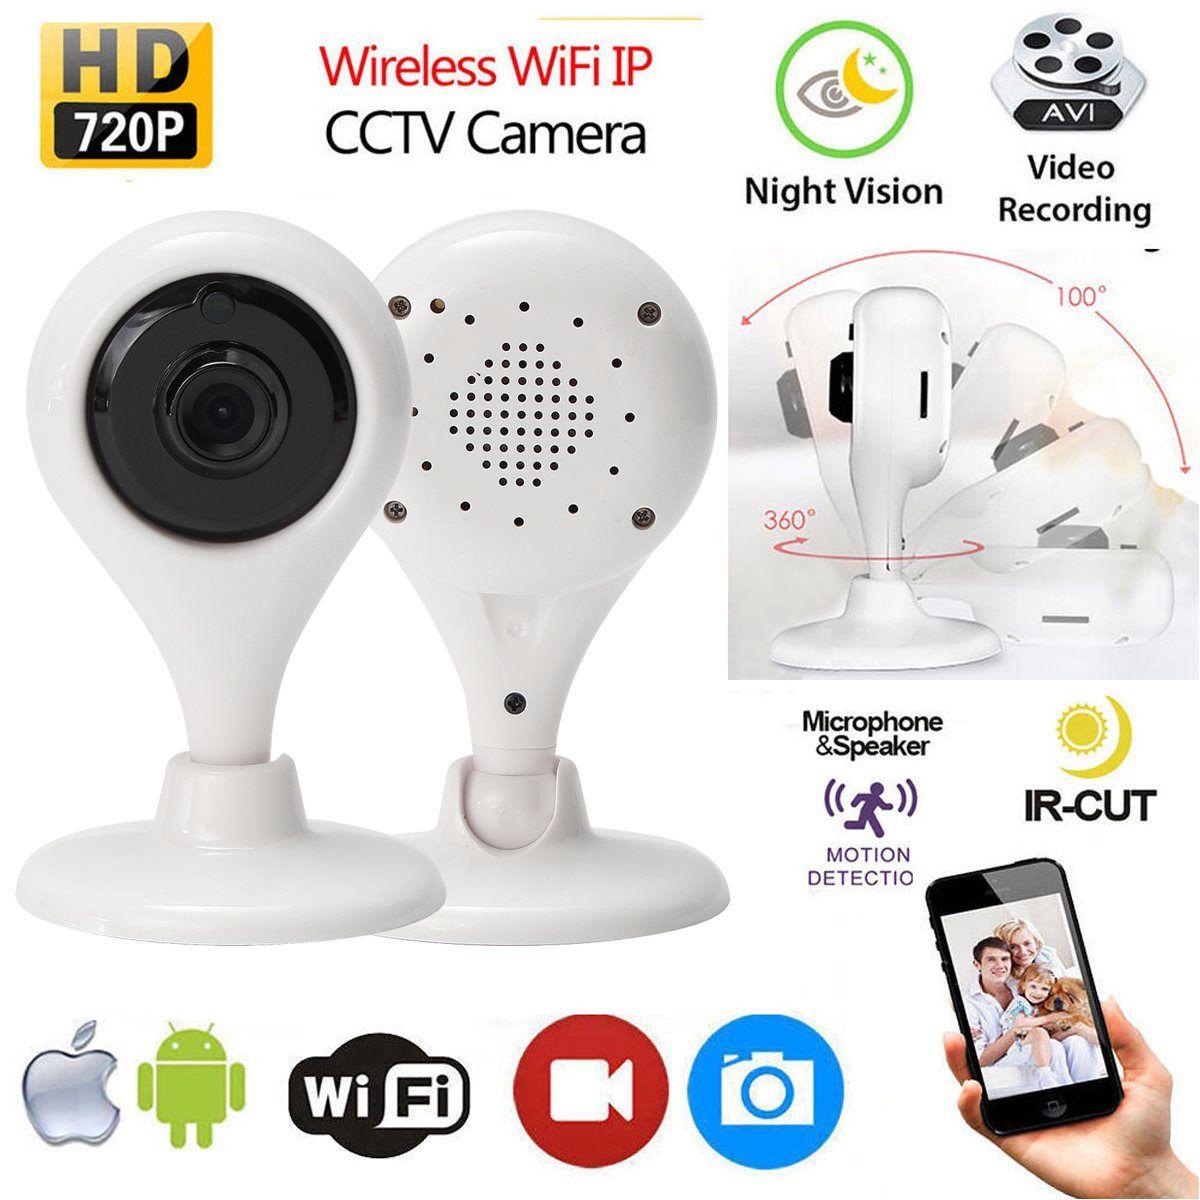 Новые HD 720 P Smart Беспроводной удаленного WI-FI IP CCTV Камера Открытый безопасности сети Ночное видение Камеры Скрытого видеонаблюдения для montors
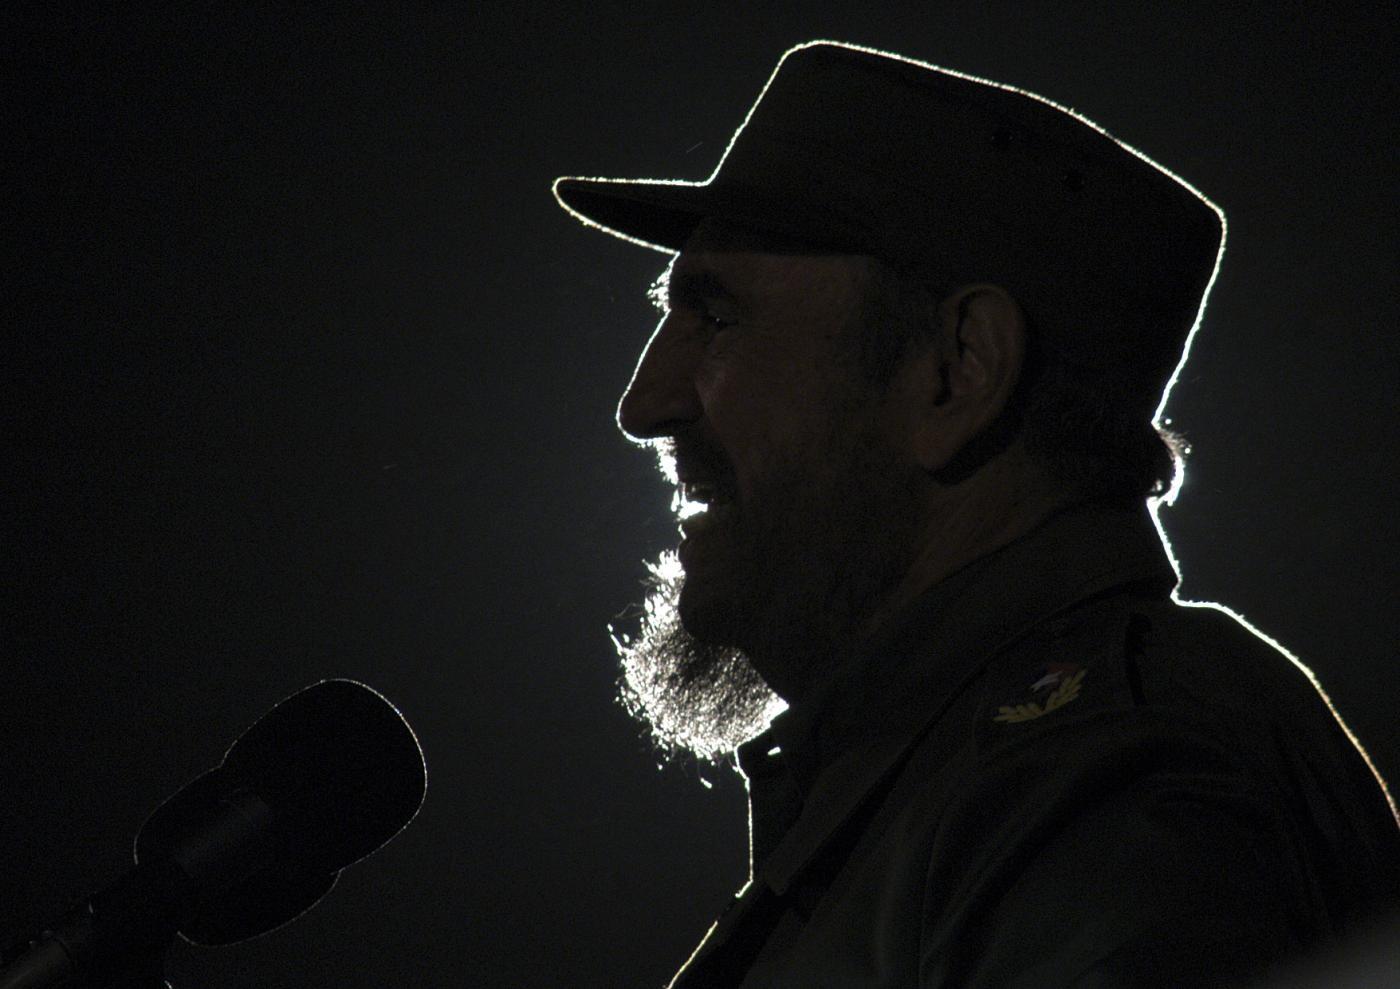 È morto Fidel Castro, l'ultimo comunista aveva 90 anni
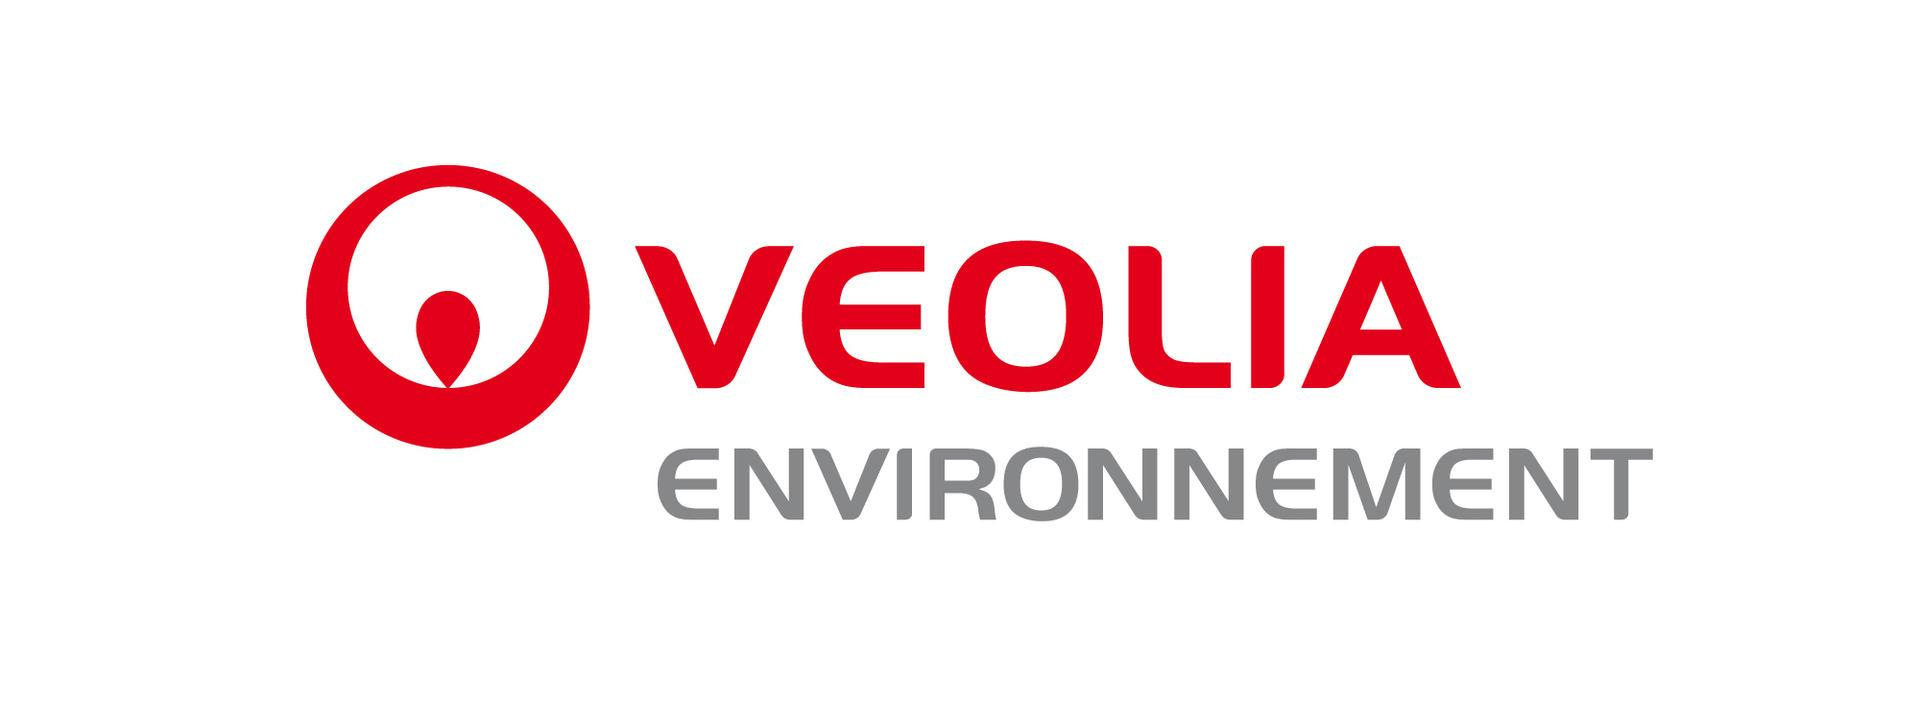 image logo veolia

----

Leave out the pictures and repeat the remaining data exactly.

WORKED SOLUTION:
 Новые HD 720 P Smart Беспроводной удаленного WI-FI IP CCTV Камера Открытый безопасности сети Ночное видение Камеры Скрытого видеонаблюдения для montors
 È morto Fidel Castro, l'ultimo comunista aveva 90 anni
 image logo veolia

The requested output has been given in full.